___ Dataset extract
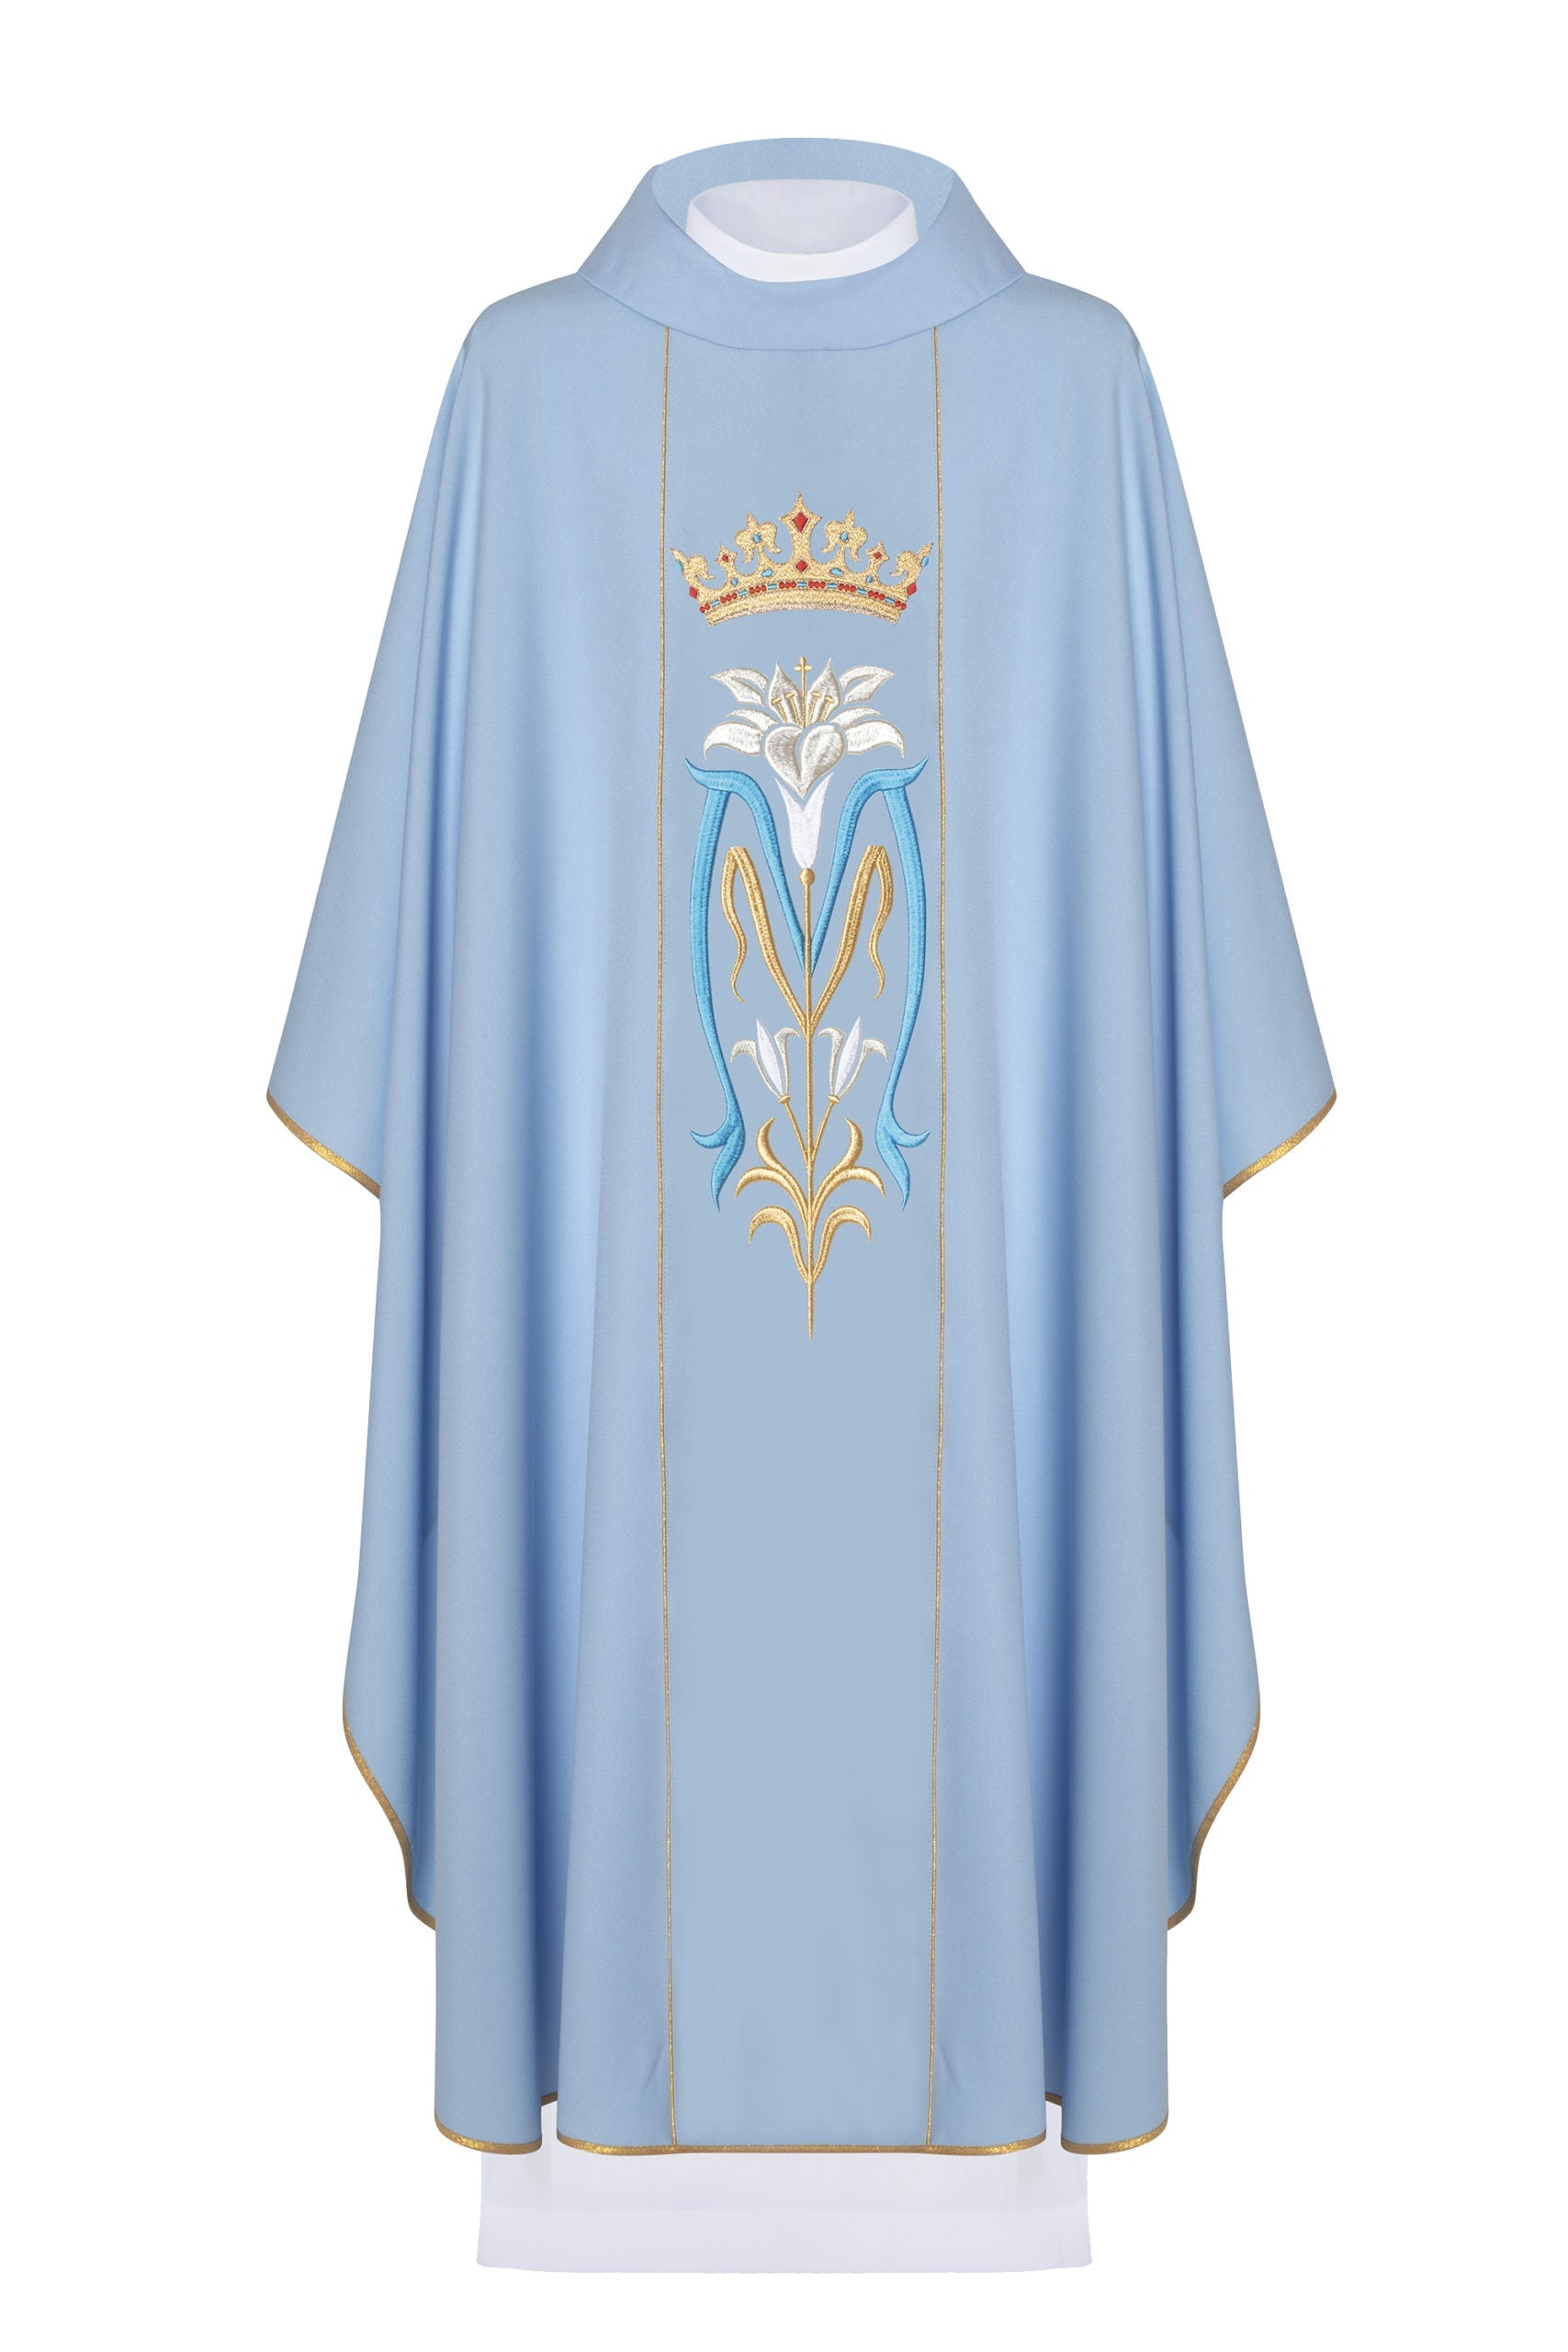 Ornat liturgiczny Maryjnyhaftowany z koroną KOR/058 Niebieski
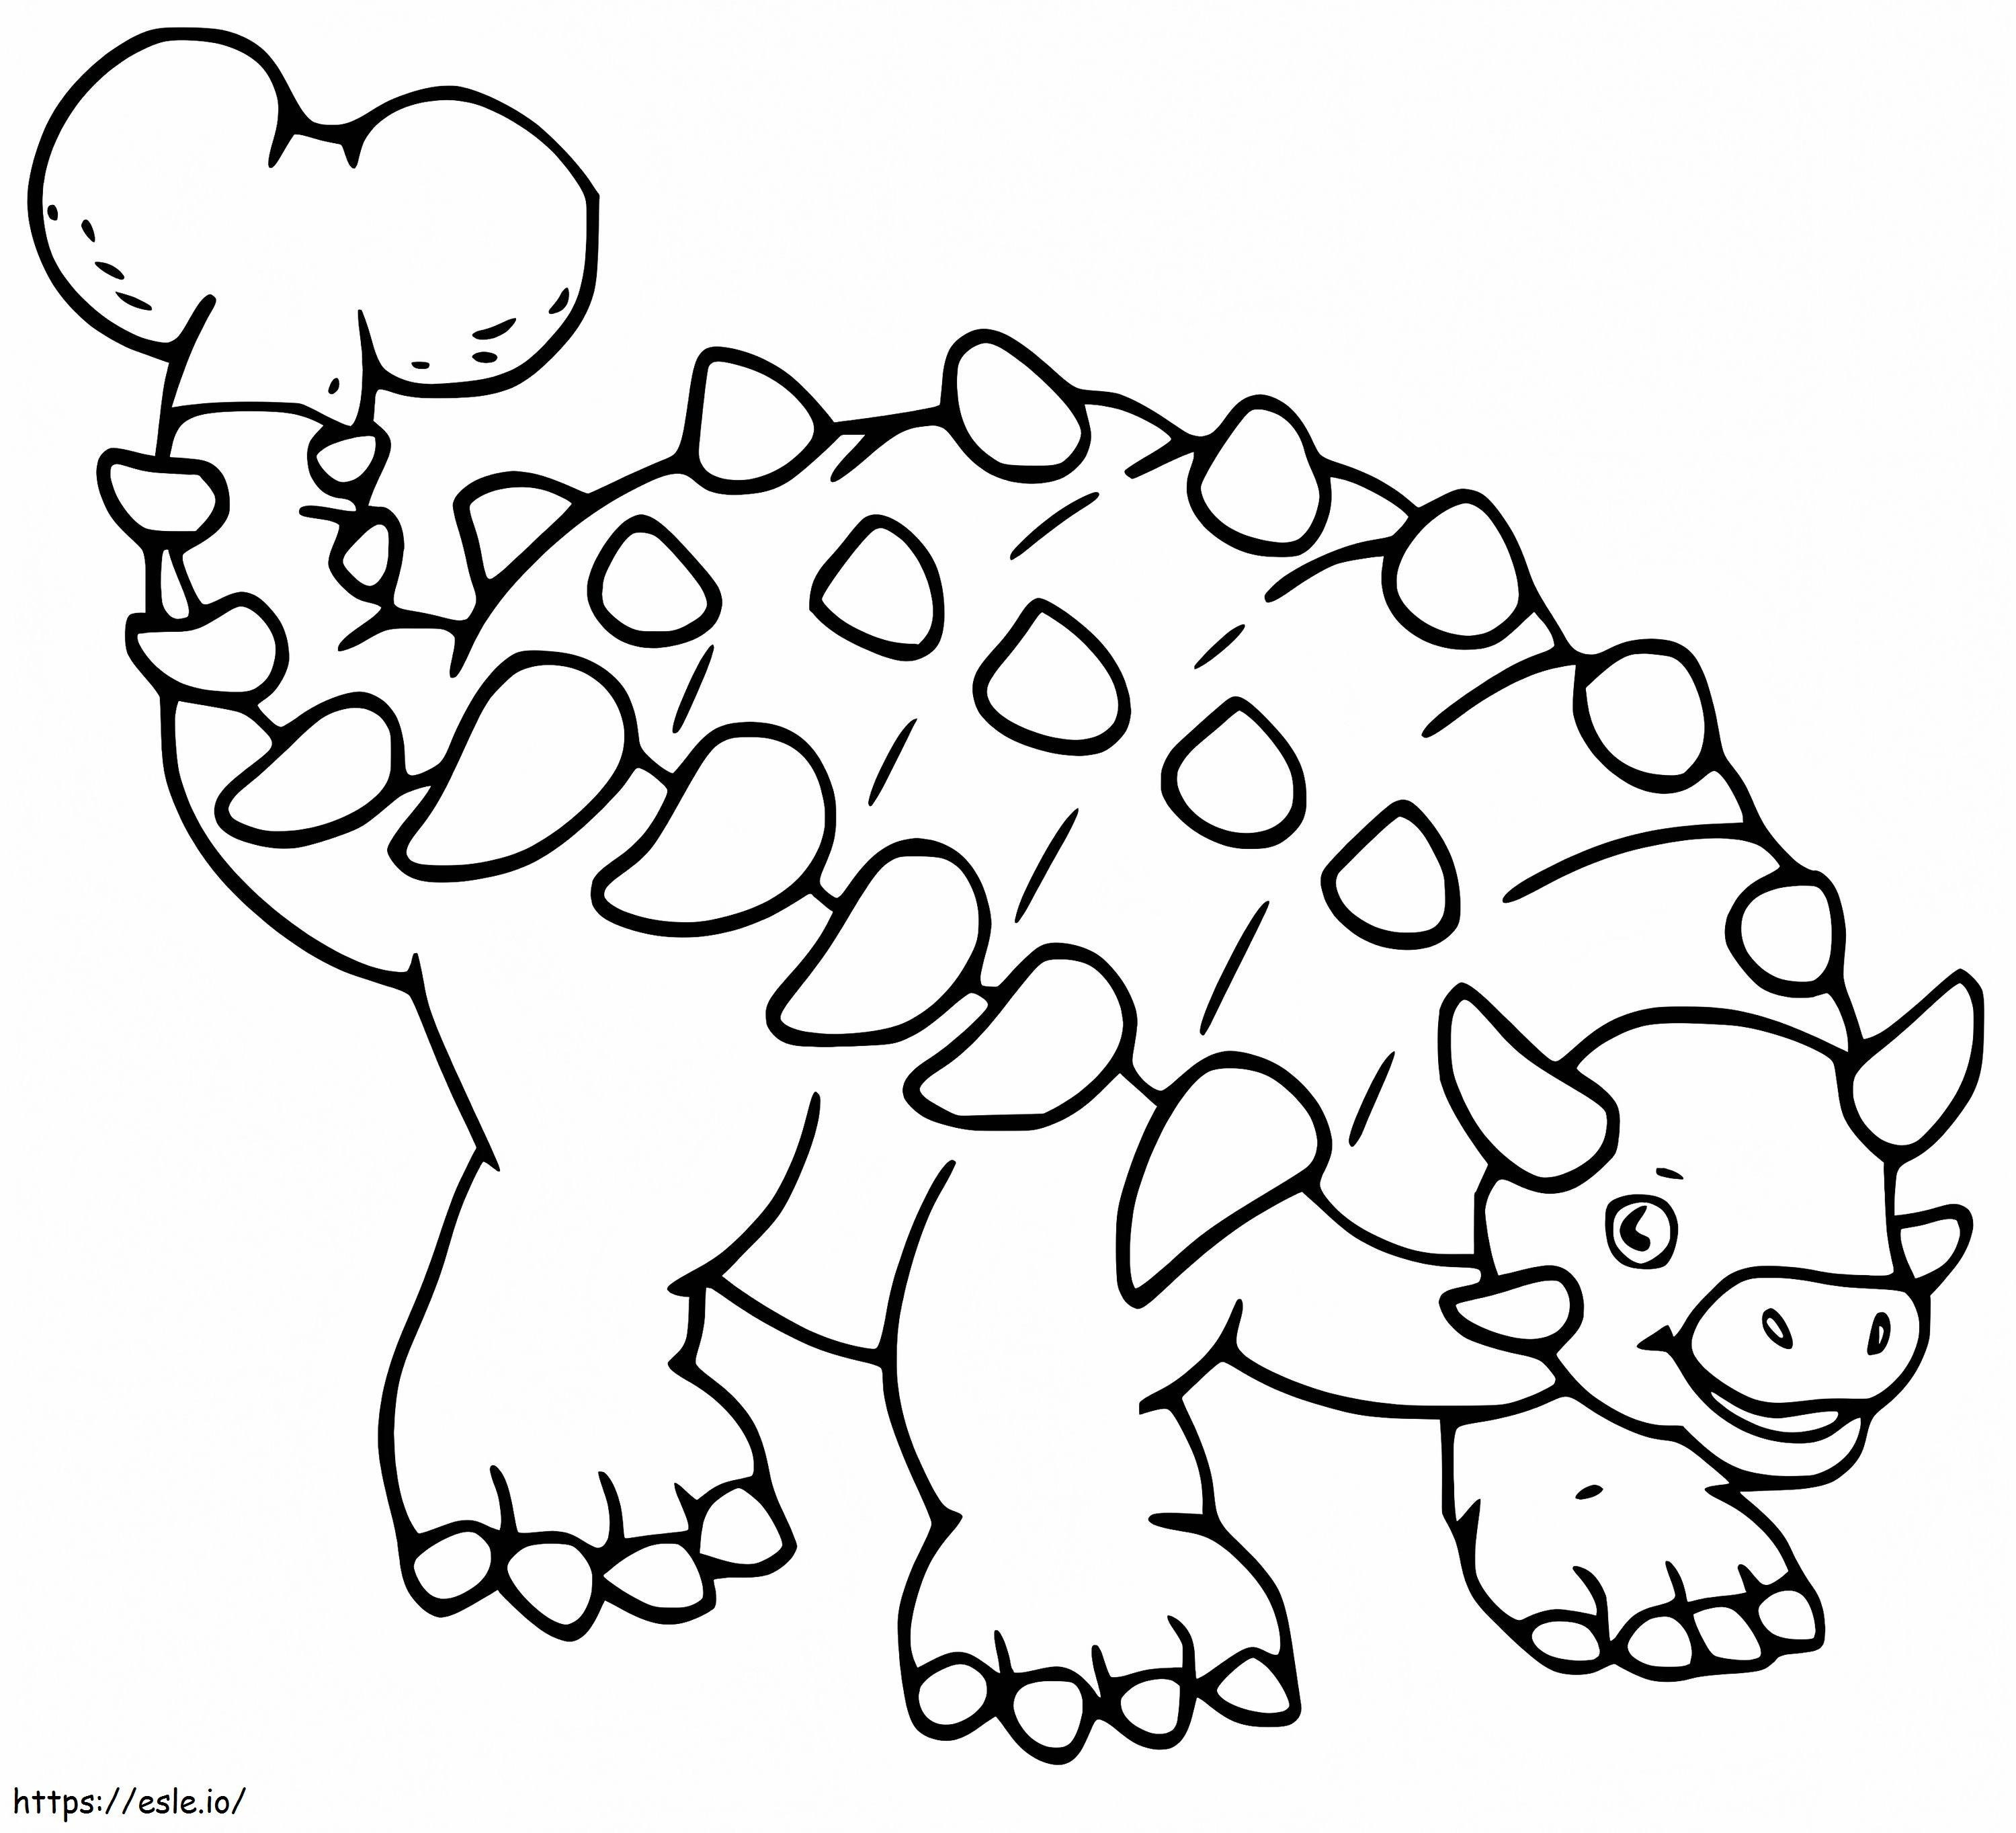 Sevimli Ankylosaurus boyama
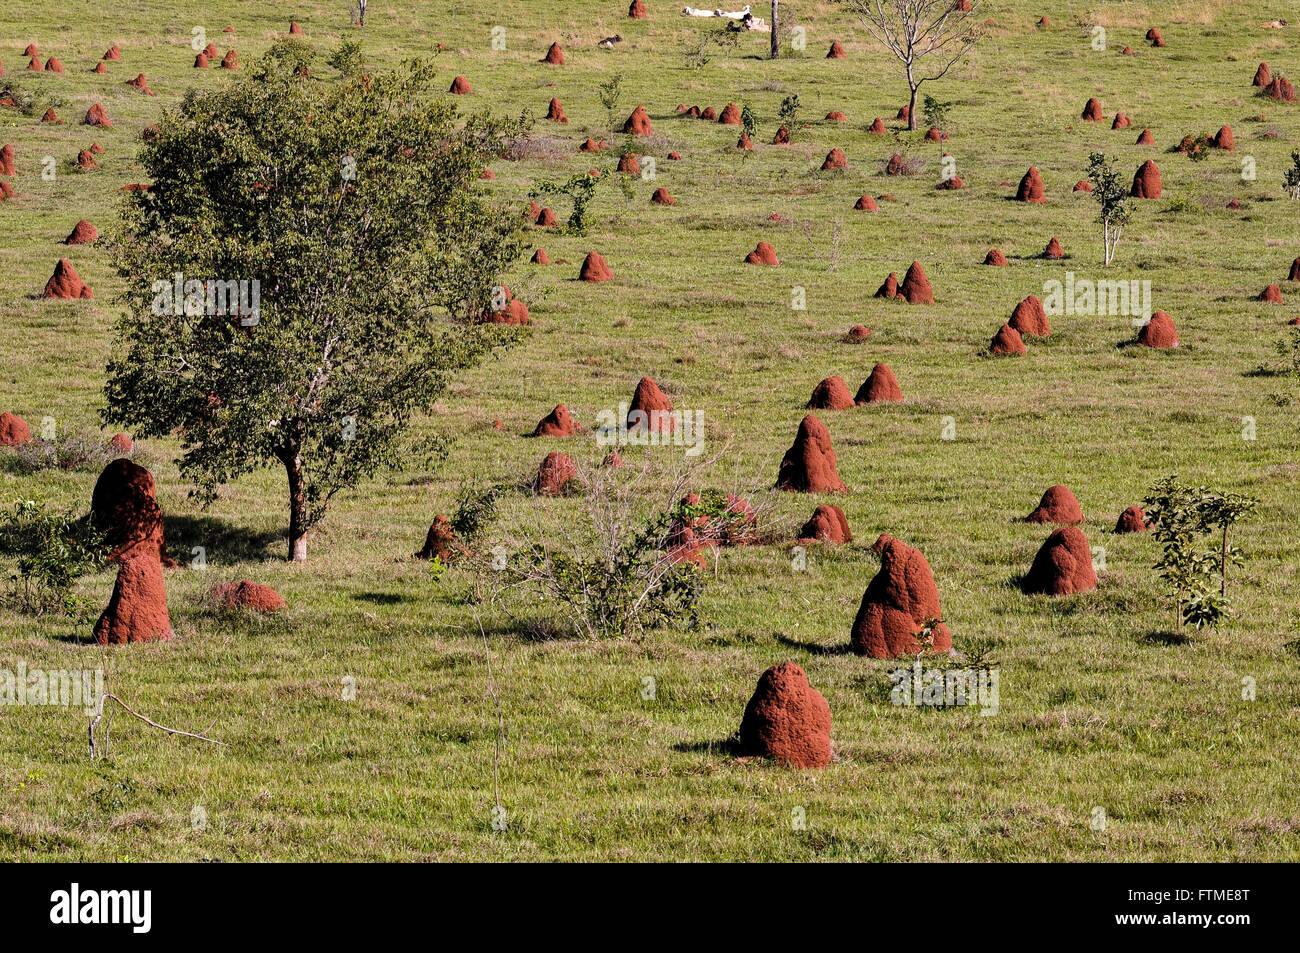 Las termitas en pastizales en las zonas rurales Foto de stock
______
What the task asks: What this calls for is a word-for-word copy of the listing above, pictures excluded.

Response box:
 Ornat liturgiczny Maryjnyhaftowany z koroną KOR/058 Niebieski
 Sevimli Ankylosaurus boyama
 Las termitas en pastizales en las zonas rurales Foto de stock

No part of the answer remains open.